NGLY1 deficiency is a rare disorder that can affect multiple systems of the body. Affected individuals may have delays in reaching developmental milestones, intellectual disability, movement disorders, seizures, liver disease, and an inability to produce tears when they cry (alacrima), or they may produce tears very infrequently. The specific symptoms and severity of this disorder can vary dramatically among affected individuals. Additional symptoms can develop in some children. NGLY1 deficiency is caused by a disease causing (pathogenic) variant (mutation) in the NGLY1 gene. This variant is inherited in an autosomal recessive pattern. As of April of 2021, fewer than 100 individuals with NGLY1 deficiency have been identified. It is possible that only the most severely affected children have been diagnosed and that descriptions of this disorder reflect these severely affected individuals. This happens because more severely affected children are more likely to be referred to specialists, receive genetic testing, and receive a diagnosis. Some researchers believe that affected individuals with milder forms of NGLY1 deficiency most likely exist.
Although researchers have been able to establish a clear syndrome with characteristic or “core” symptoms, much about the disorder is not fully understood. Several factors including the small number of identified cases, the lack of large clinical studies, and the possibility of other genes influencing the disorder prevent physicians from developing a complete picture of associated symptoms and prognosis. As researchers learn more about the disorder, the potential spectrum or specific pattern of symptoms will be clearer. Therefore, it is important to note that every child is unique and that an individual child may not have all the symptoms discussed below.

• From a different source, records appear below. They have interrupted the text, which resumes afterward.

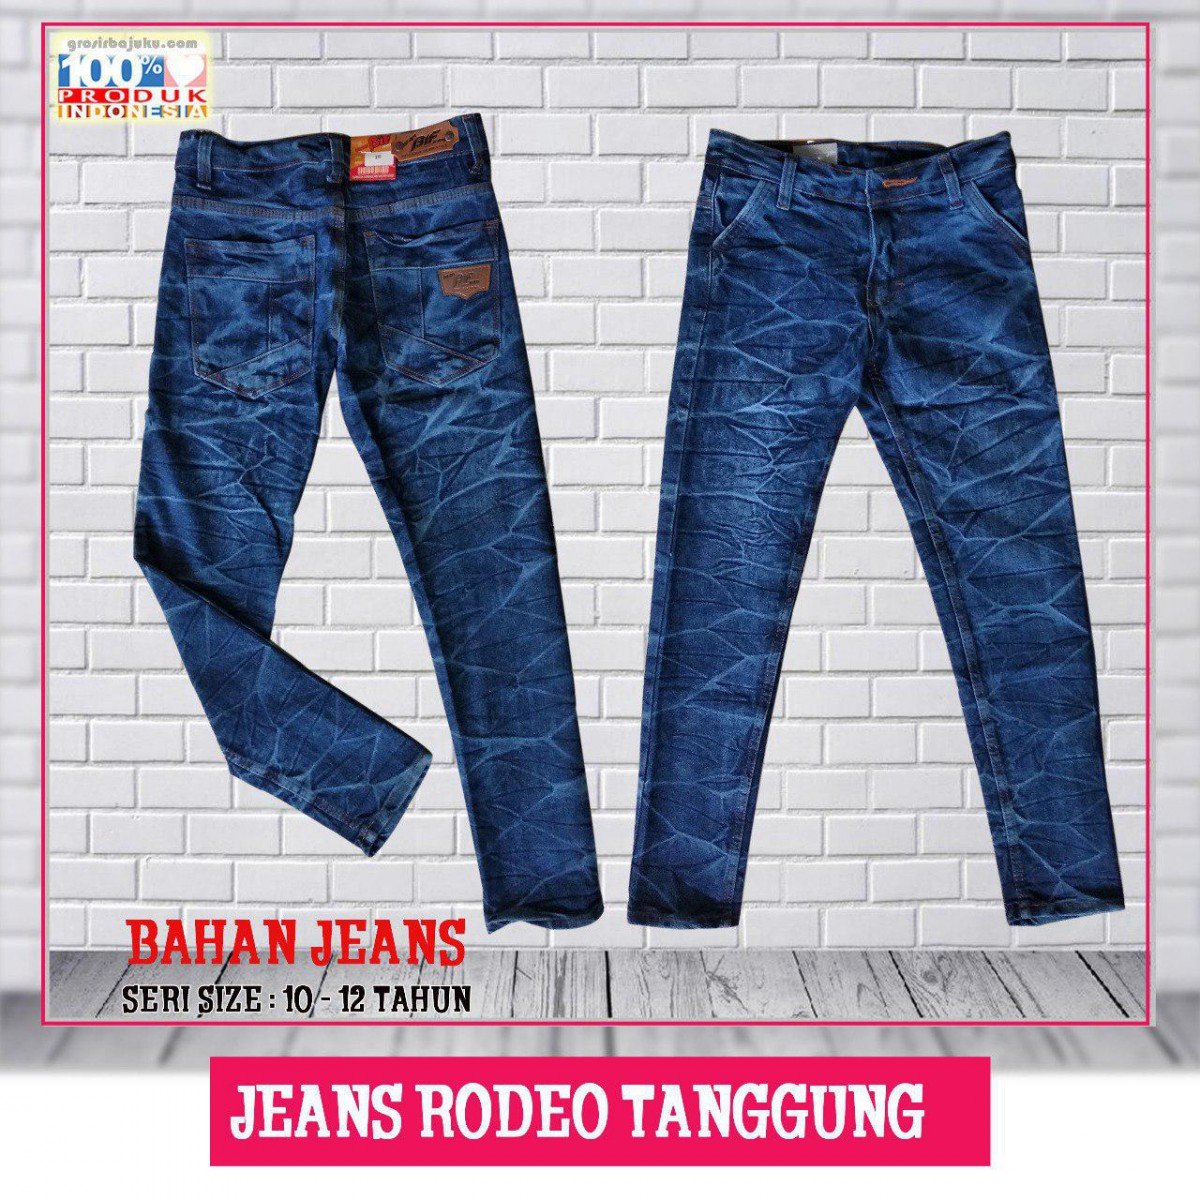 Jeans Rodeo Tanggung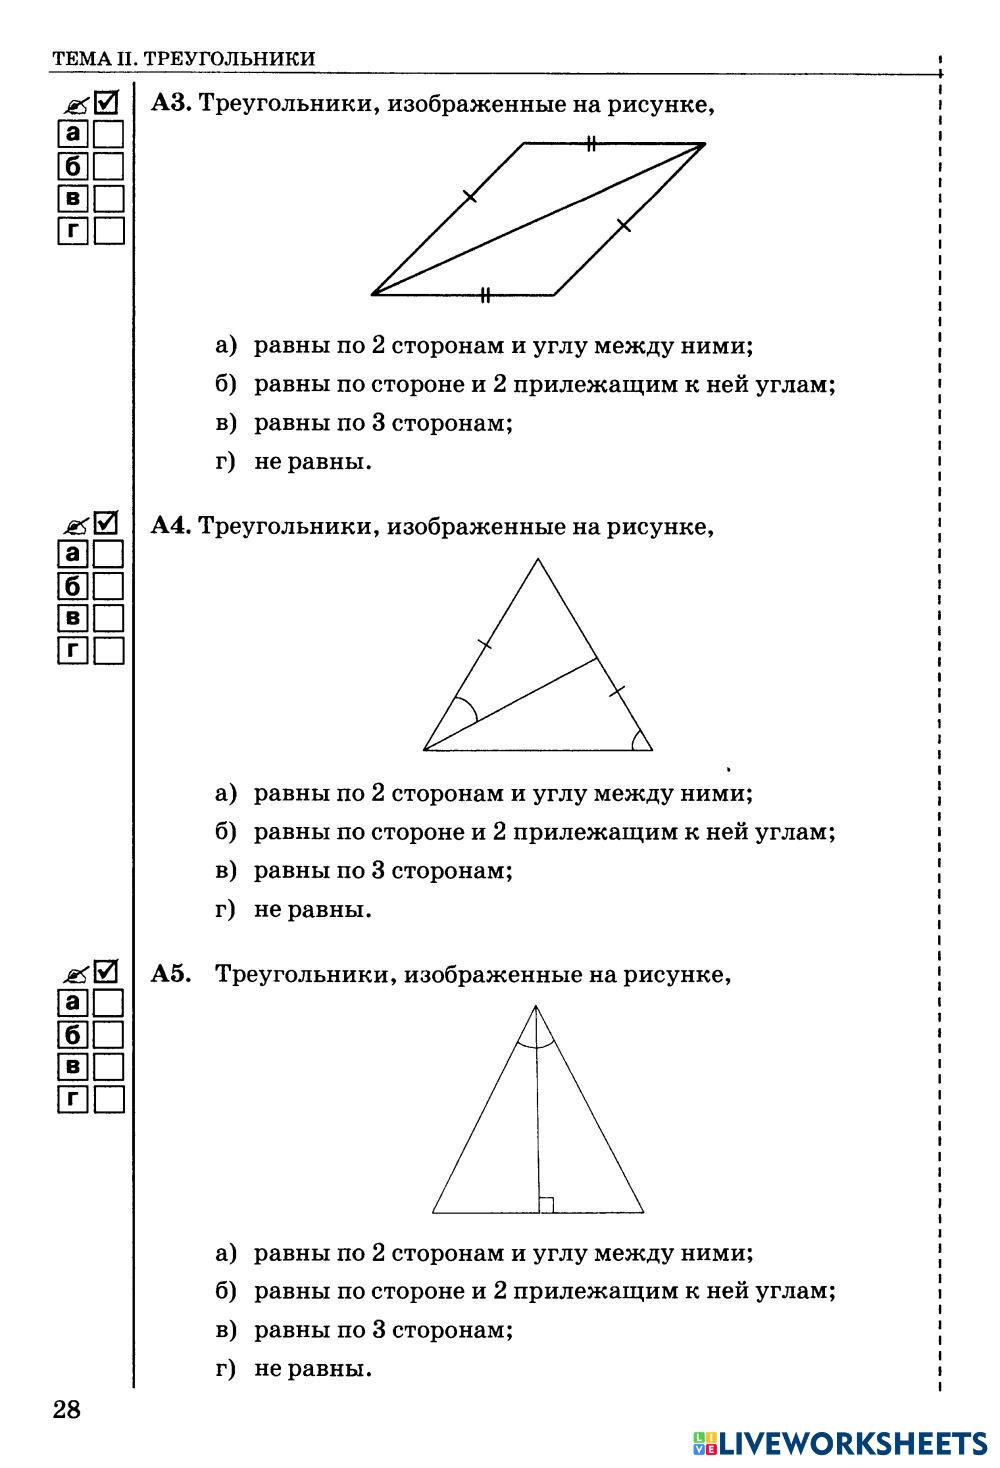 Контрольная работа прямоугольные треугольники геометрические неравенства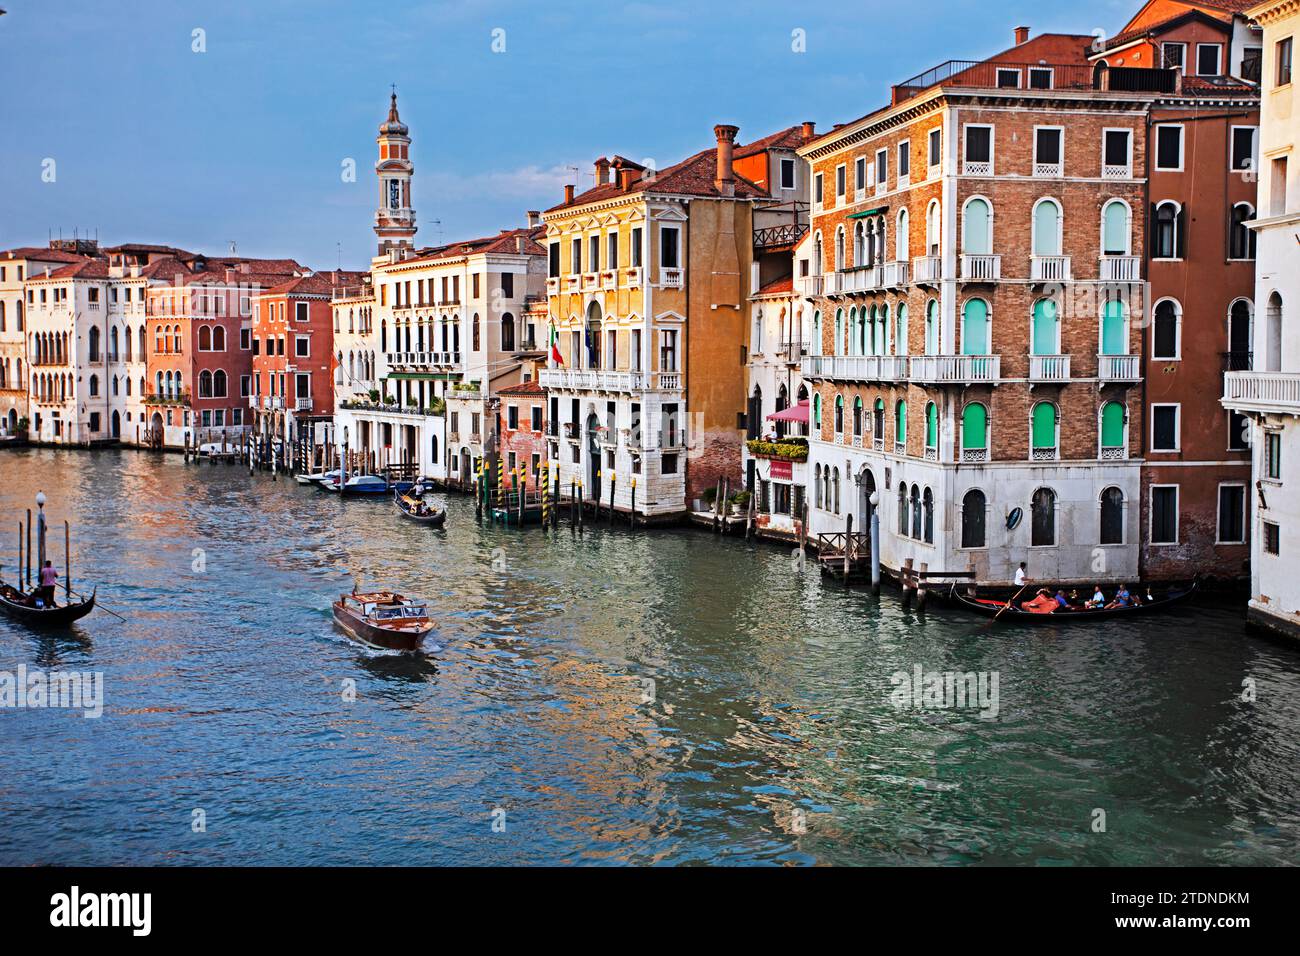 Splendidi edifici stratificati lungo il canale veneziano con gondole e trasporto pubblico su acqua a Venezia. Viaggi e turismo Foto Stock

Affected infants often have diminished muscle tone (hypotonia), in which the baby is described as excessively “floppy.” About half have a low weight at birth and, despite a normal appetite, many infants will fail to gain weight or grow as would be expected based on their age and gender (failure to thrive). Some infants have difficulty swallowing and are at risk of food or liquids going down the wrong tube and ending up in the lungs (aspiration). Constipation can also occur. In some children, the circumference of the head, which is normal at birth, may be smaller than would be expected as they age (acquired microcephaly).
Most affected infants and children may not produce tears or produce few tears when they cry (alacrima). This can lead to complications including inflammation of the eyelids (blepharitis), eye infection, irritation and open sores on the cornea, the transparent layer atop the eye (corneal ulceration). The eyes may not be aligned properly and may point in different directions (strabismus). In a few children, there was degeneration of the main nerve that transmits sensory input to the brain to form images (optic atrophy) and pigment changes in the membrane lining the back of the eyes (retina), and abnormalities of certain cells of the retina called cone cells (cone dystrophy). Vision impairment has been described in some children as well.

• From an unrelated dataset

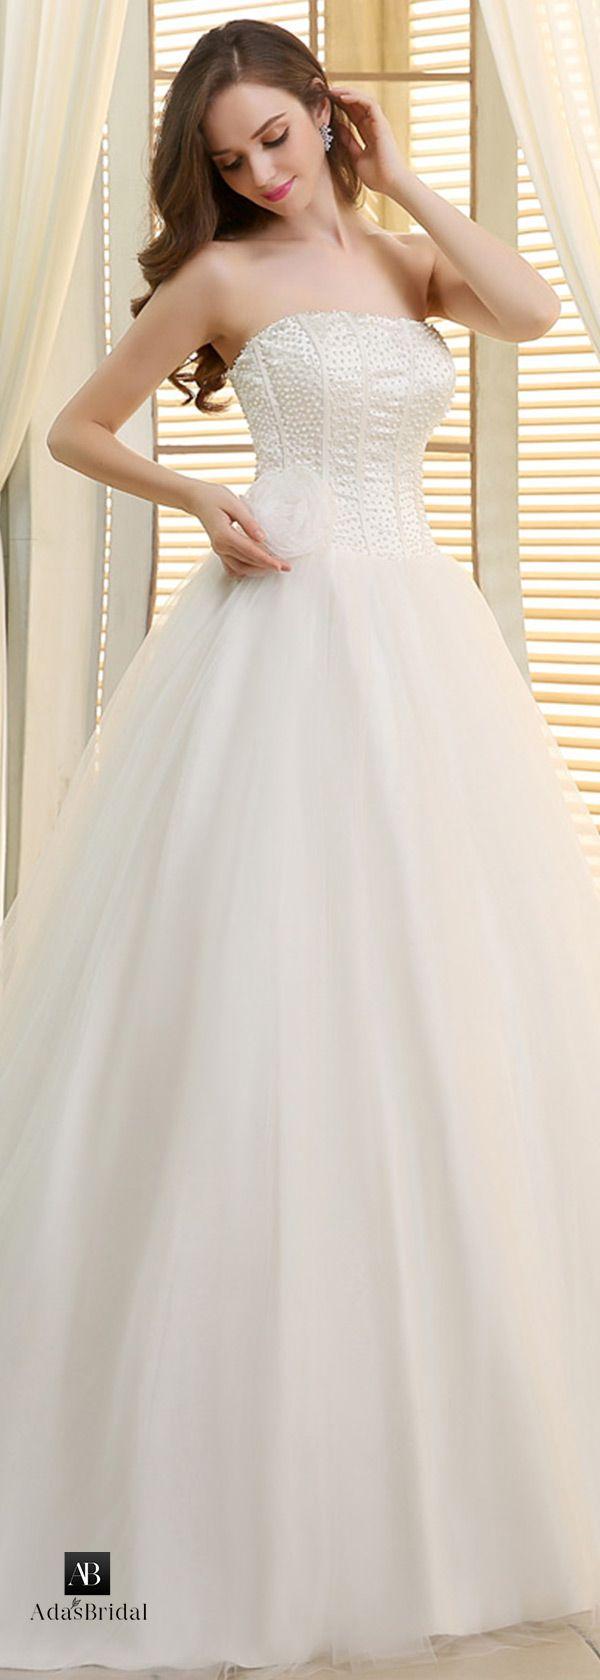 زفاف - AdasBridal Wedding Dresses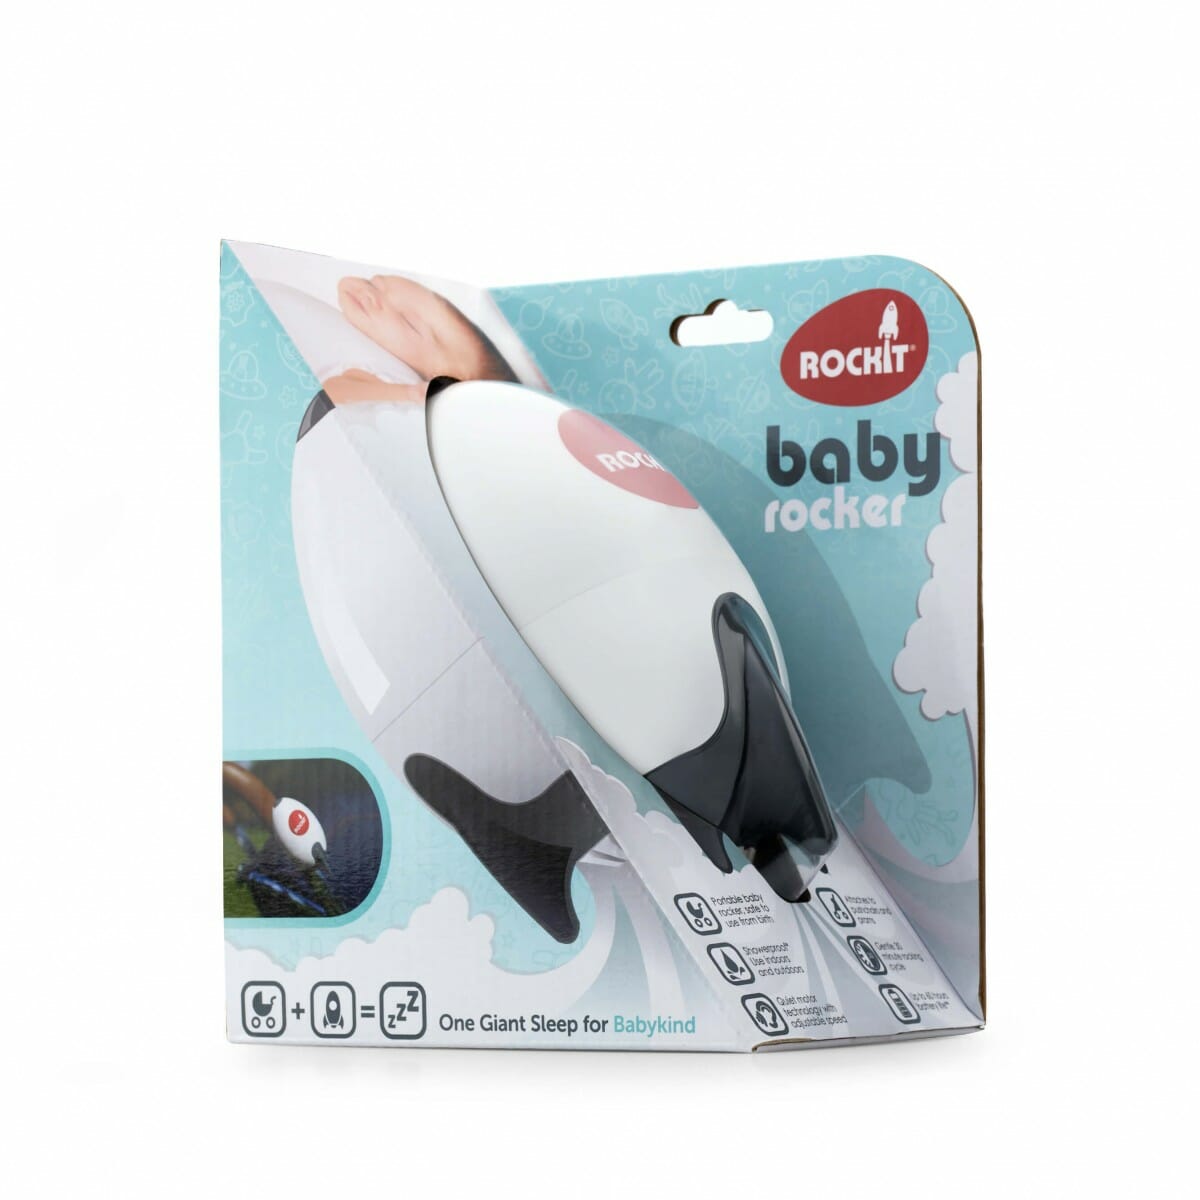 Rockit Portable Baby Rocker In Packaging

Neurodevelopmental symptoms are common in NGLY1 deficiency including delays in reaching developmental milestones like sitting up, crawling, or walking. As they age, children may have difficulty walking independently or be unable to walk. There may be delays in speech development, and children are often unable to speak or can only speak a few words. Intellectual disability is common and can range from children with below average IQ scores to significant intellectual disability.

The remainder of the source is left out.